Researchers used a new technique in which proteins were labeled with N-hydroxysuccinimidobiotin (NHS-biotin). That allowed them to track the movement of nearly 1,000 proteins in the neurons that connect the eyes to various parts of the brain in living rats.

“Our methodology allowed us examine the visual system in a way that had not been studied before so we could observe the molecules independently and analyze their biochemistry,” said study co-author Lucio Schiapparelli, PhD, a researcher at Scripps Research.

In rat brains — as in human brains — the retinas of the eyes is connected to various regions by neuronal axons, which are the long cell extensions that neurons use to send signals. It was in comparing proteins found in these axons to those found near/in the neurons’ nuclei (the part of the cell that stores DNA) that the researchers made a surprising discovery with relevance to CMT.
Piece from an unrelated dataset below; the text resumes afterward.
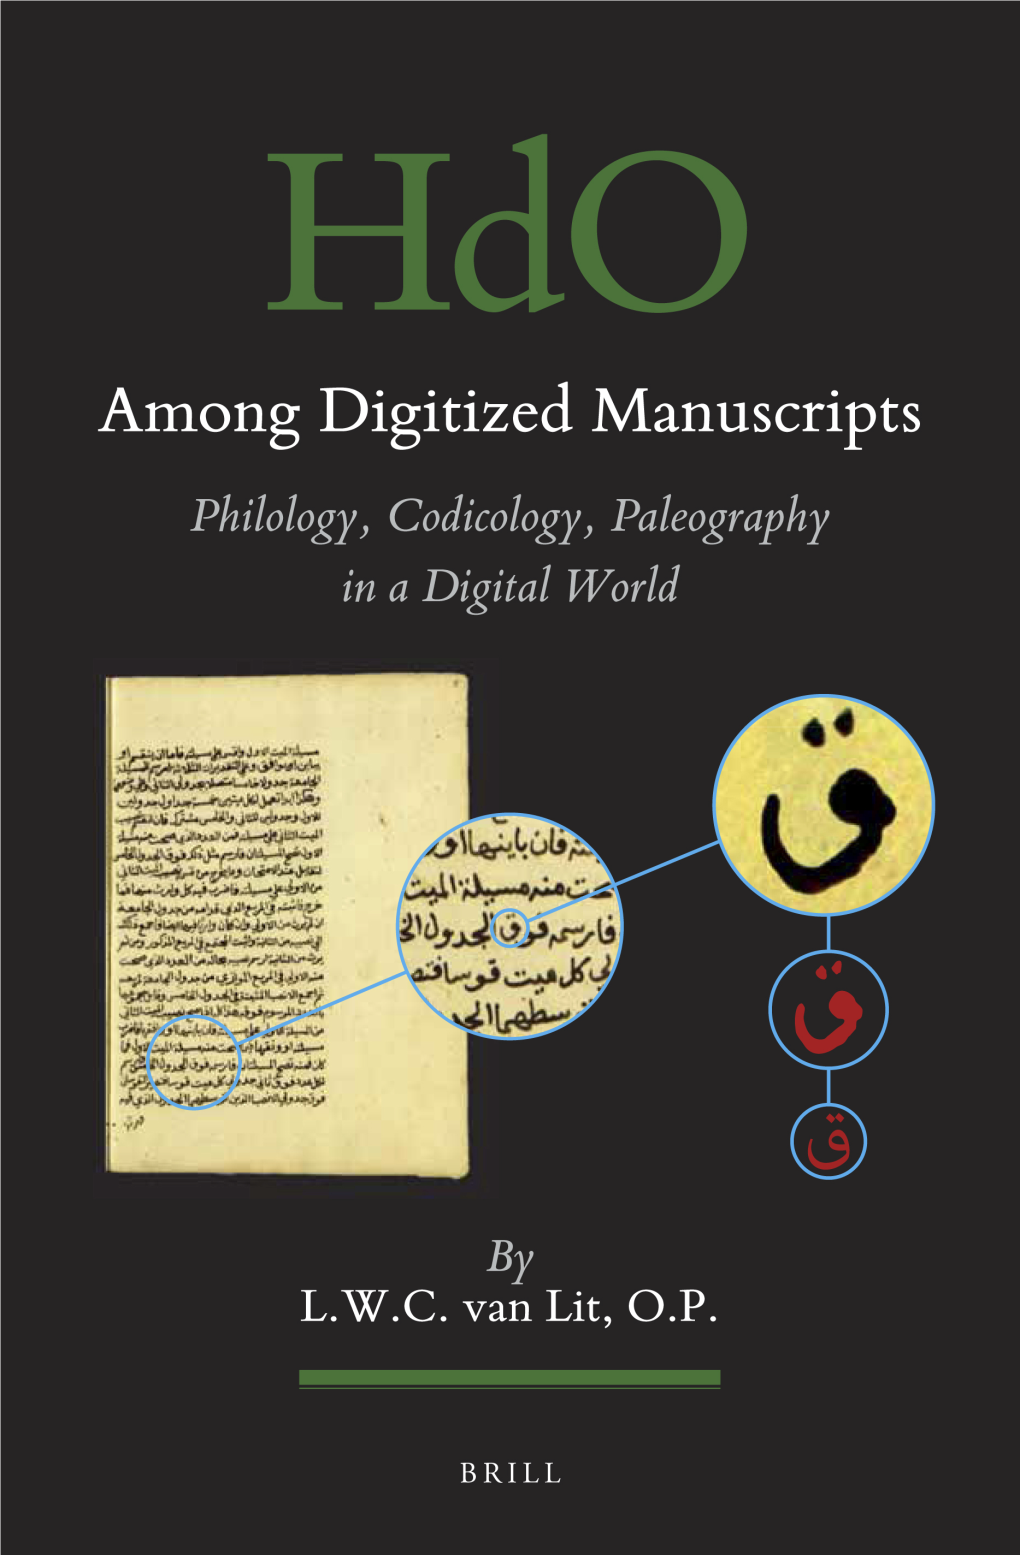 Postscript. Among Digitized Manuscripts 292

“We were surprised right from the start to find proteins in the axons of the optic nerve that everybody previously thought would be functioning only in the eye,” Cline said. “These are proteins that are usually in the nucleus of a cell, but we found them far, far away from the nucleus, participating in some form of communication.”

In other words, some of these proteins appear to be playing previously unappreciated roles in neuronal communication. And, since they can be found in neurons in other parts of the body, not just the eyes, these proteins may play a role in conditions in which neuronal communication is impaired, like CMT.

Exactly what role these proteins might be playing is still unclear and will probably require more in-depth analyses than this more “birds-eye-view” study, but the findings yield a promising starting point for further research that, according to Cline, is already underway.

And, understanding how proteins in neurons function won’t be useful just for understanding the basis of neuronal disease; it also will be crucial for developing effective treatments. “Proteins are usually the targets of drugs,” Cline explained, so to design drugs that will improve how neurons communicate with each other, “it helps to know what proteins those drugs would target.”